In veterinary research, the visual analog scale (VAS) is commonly used for owner assessment of an animal’s pain. The VAS is a 100-mm line with “no pain” designated as the left end point and “worst possible pain” as the right. This study assessed the validity and reliability of the VAS when used by untrained owners. The dogs used in the study were part of an unrelated clinical trial of 2 new pain treatments using a negative control (placebo) and positive control (carprofen). Only the dogs in these 2 control groups from the clinical trial were used for purposes of this study. Owners evaluated their dogs 4 weeks prior to treatment, at the start of treatment, at weeks 4 and 8 of treatment with carprofen or placebo, and 4 weeks after cessation of treatment (week 12). The VAS was a poor tool for untrained owners because they could not recognize their dogs’ behavior as signs of pain. It was found that owners learned to use the VAS only after discontinuing an effective pain treatment and noting the return of clinical signs.
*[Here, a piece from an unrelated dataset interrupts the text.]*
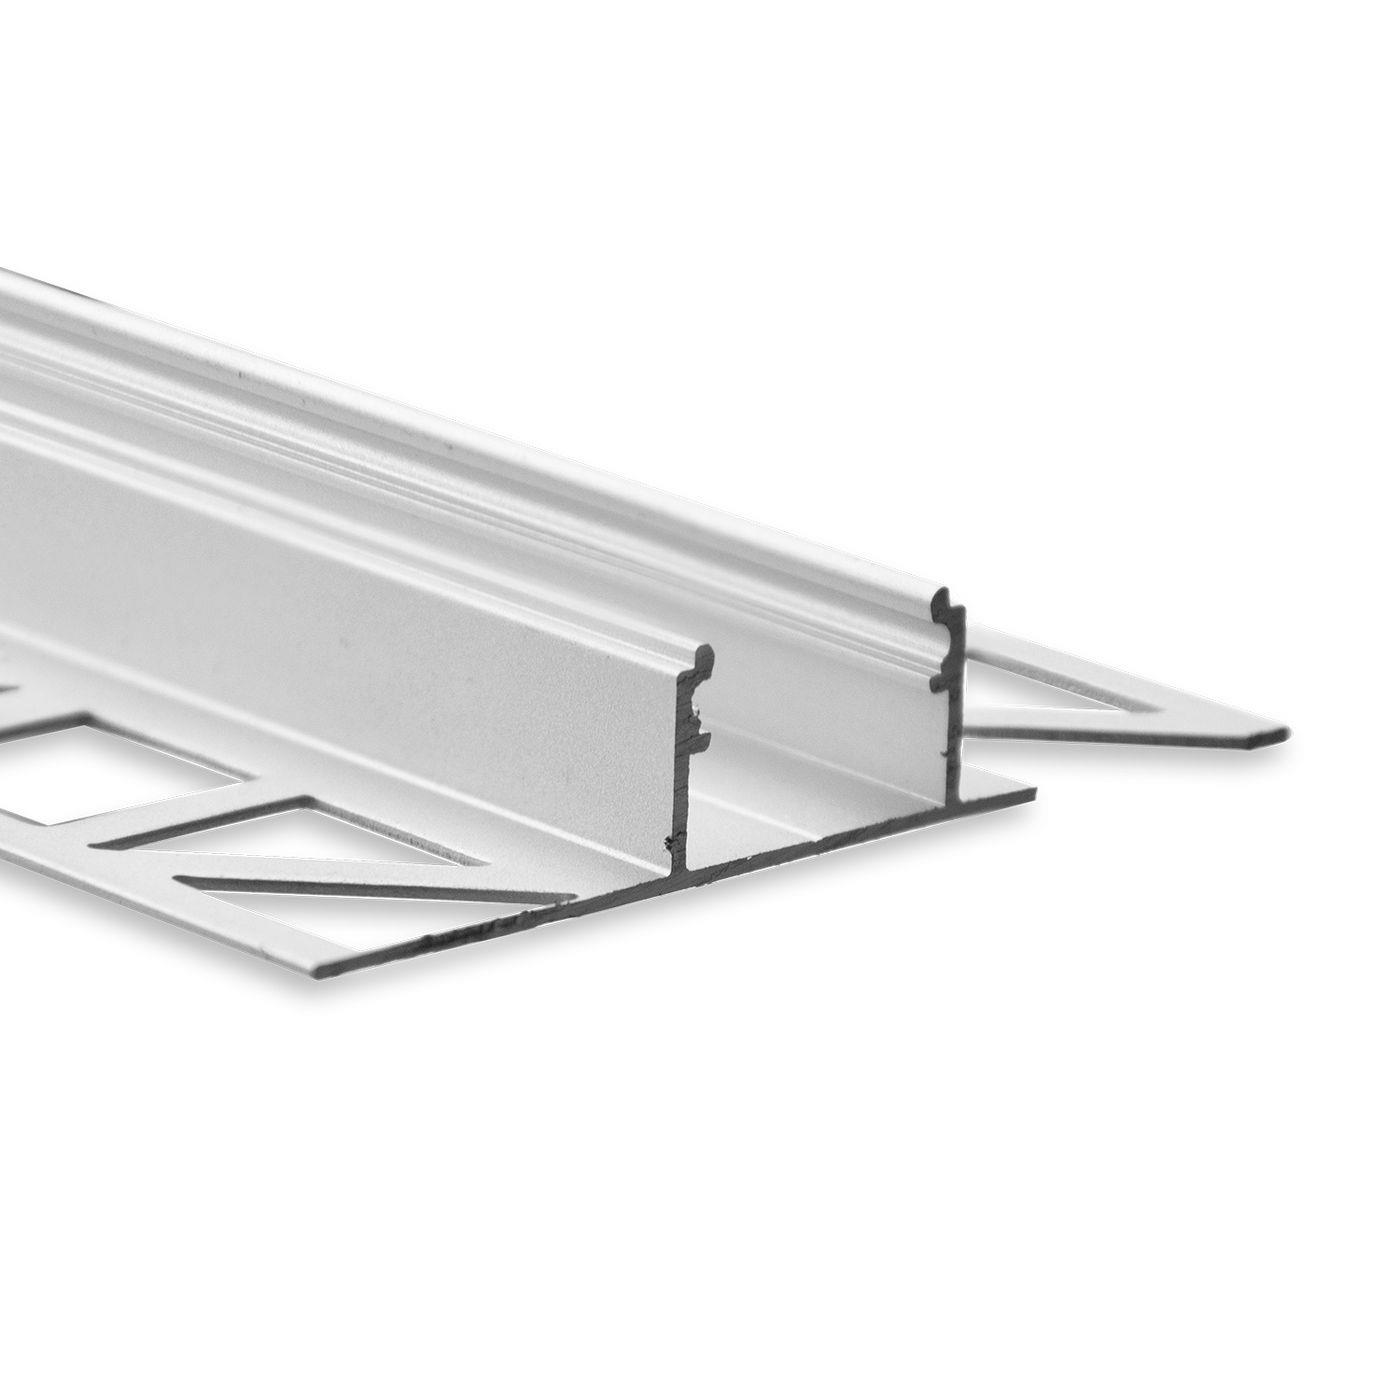 2m LED profile FP1 Silver 57x11mm Aluminium Tile profile for 14mm LED strips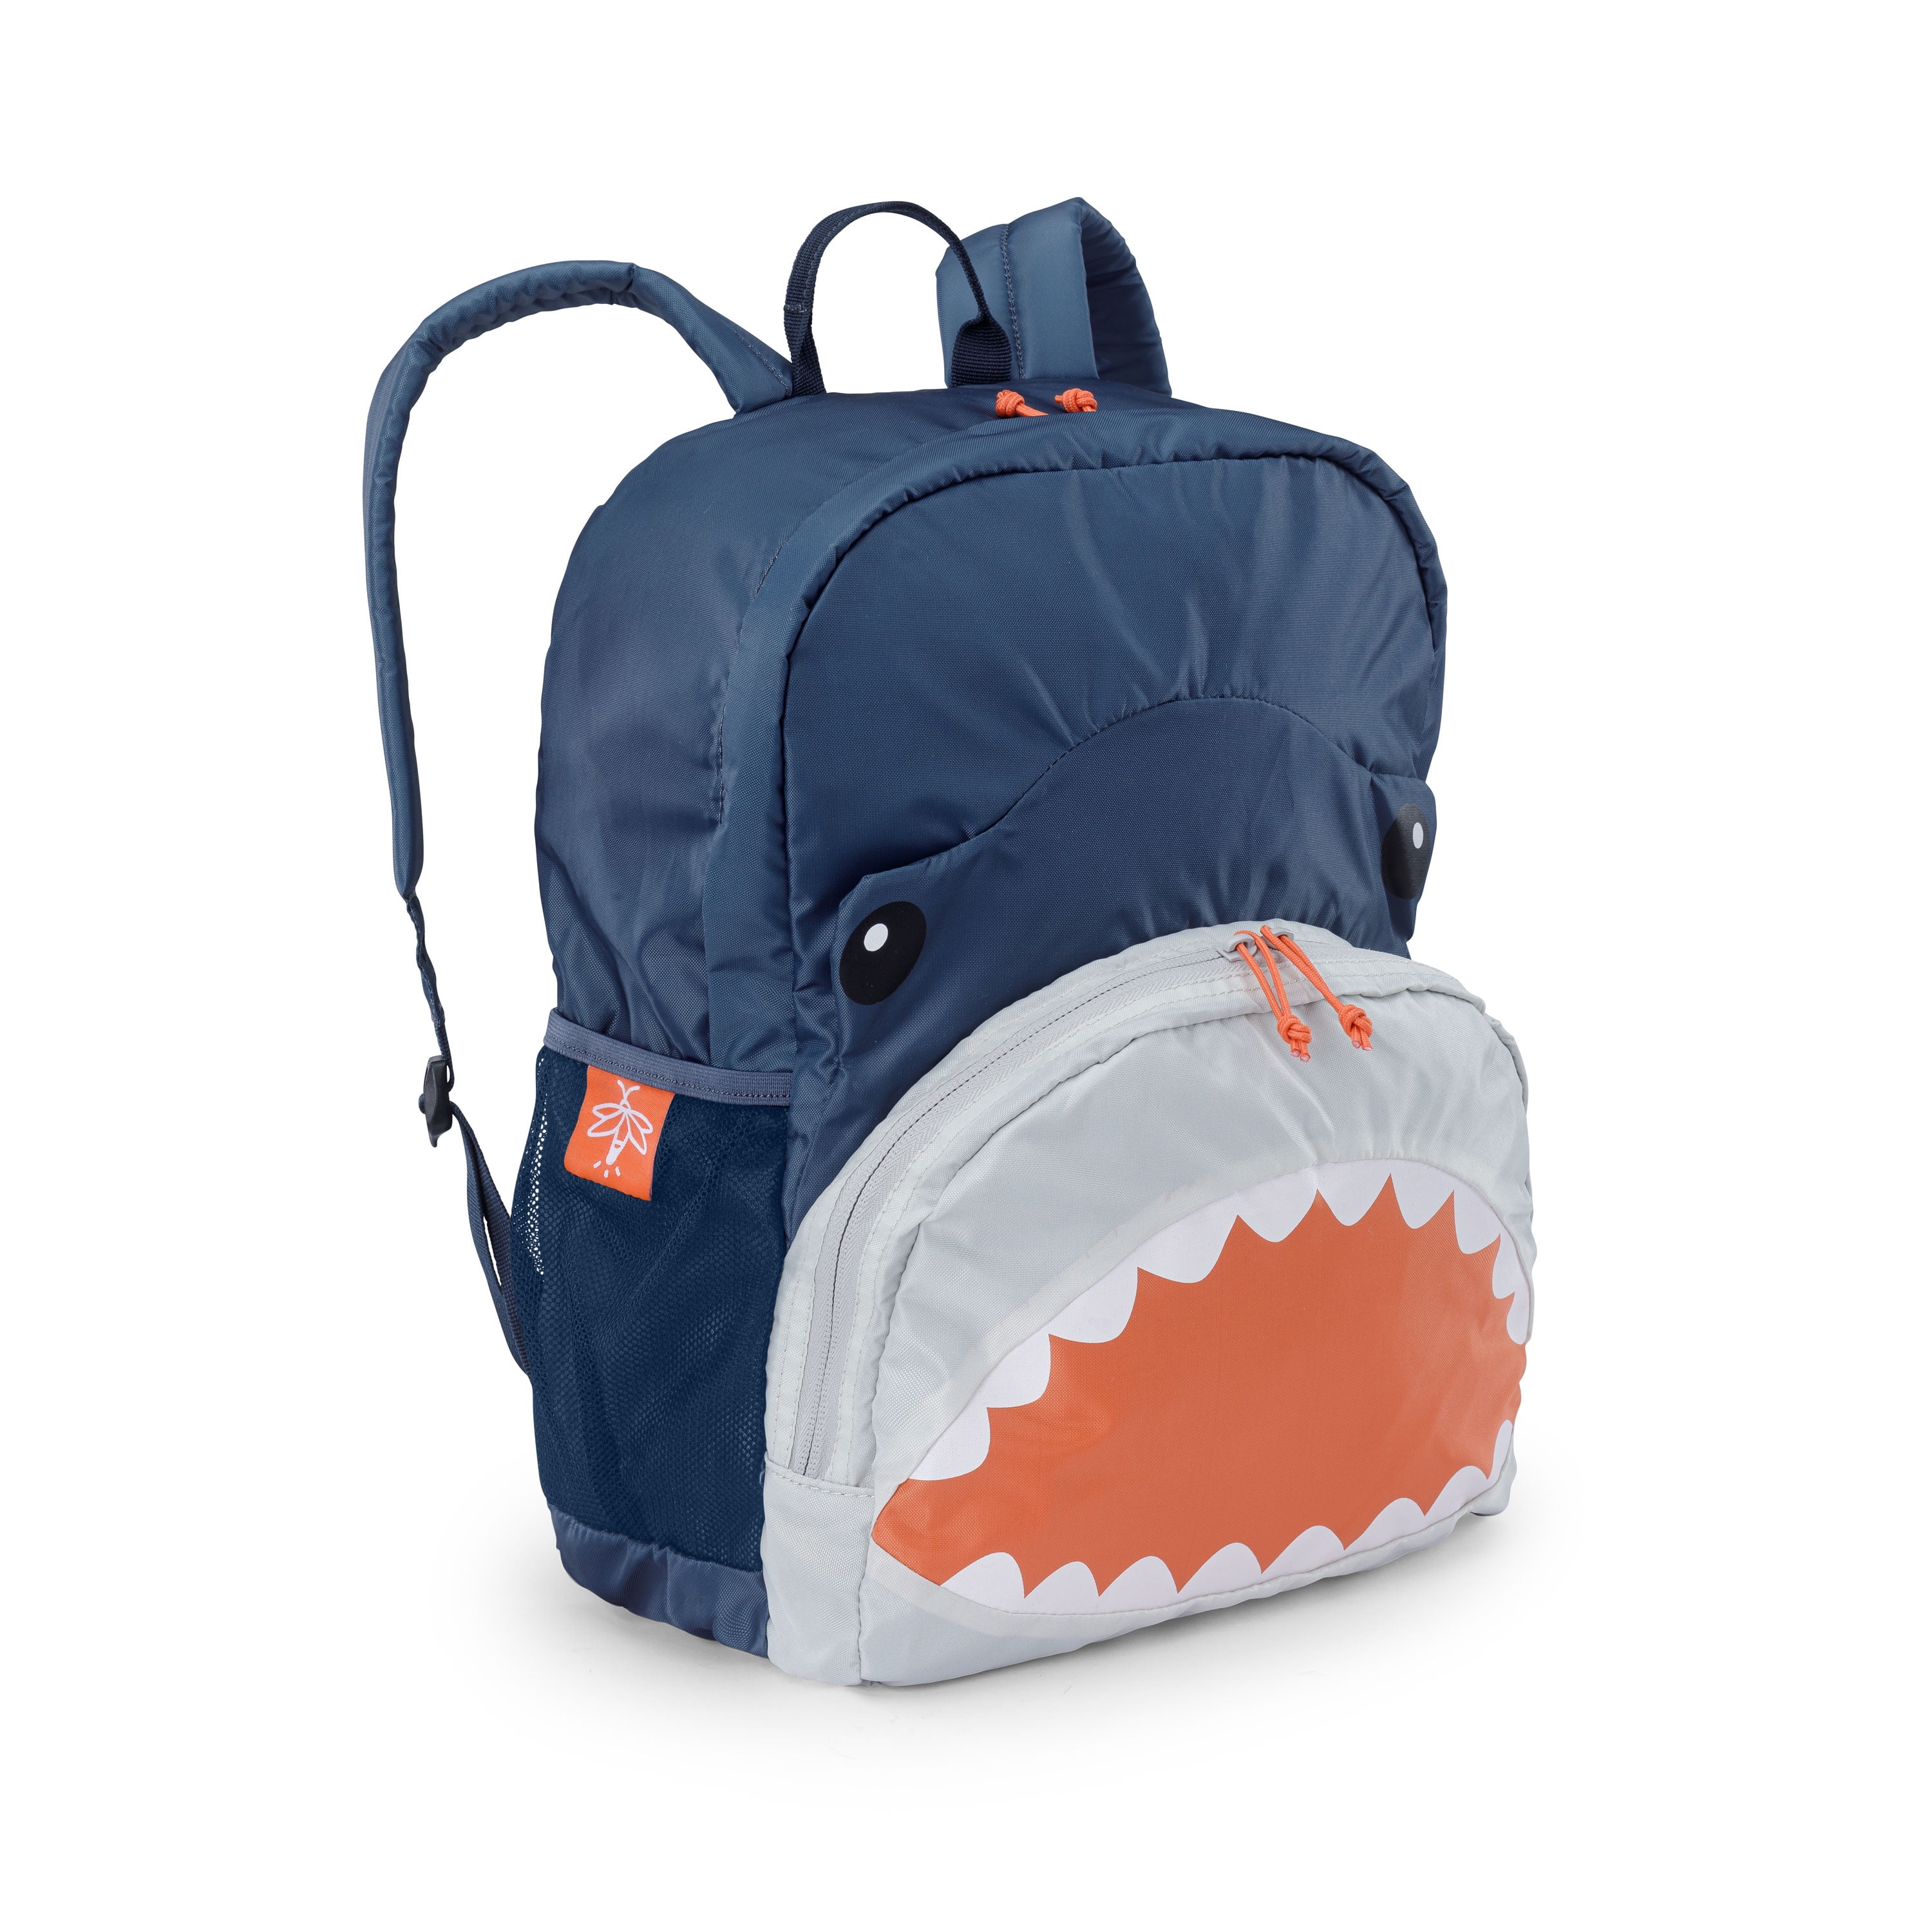 SHARP-Q Brilliant Shark Kids Lightweight Canvas Travel Backpacks School Book Bag

Commentary: The VAS has been a cornerstone for researchers in evaluating pain control products for dogs. This study indicates that pet owners cannot reliably use this method unless they have been trained to recognize signs of pain in their dogs. On a more clinical note, the fact that pet owners didn’t recognize the signs of pain in their dogs is a concern because pain may go undiagnosed and unmanaged in many patients.—Patricia Thomblison, DVM, MS
Reliability and validity of a visual analogue scale used by owners to measure chronic pain attributable to osteoarthritis in their dogs. Hielm-Björkman AK, Kapatkin AS, Rita HJ. AM J VET RES 72:601-607, 2011.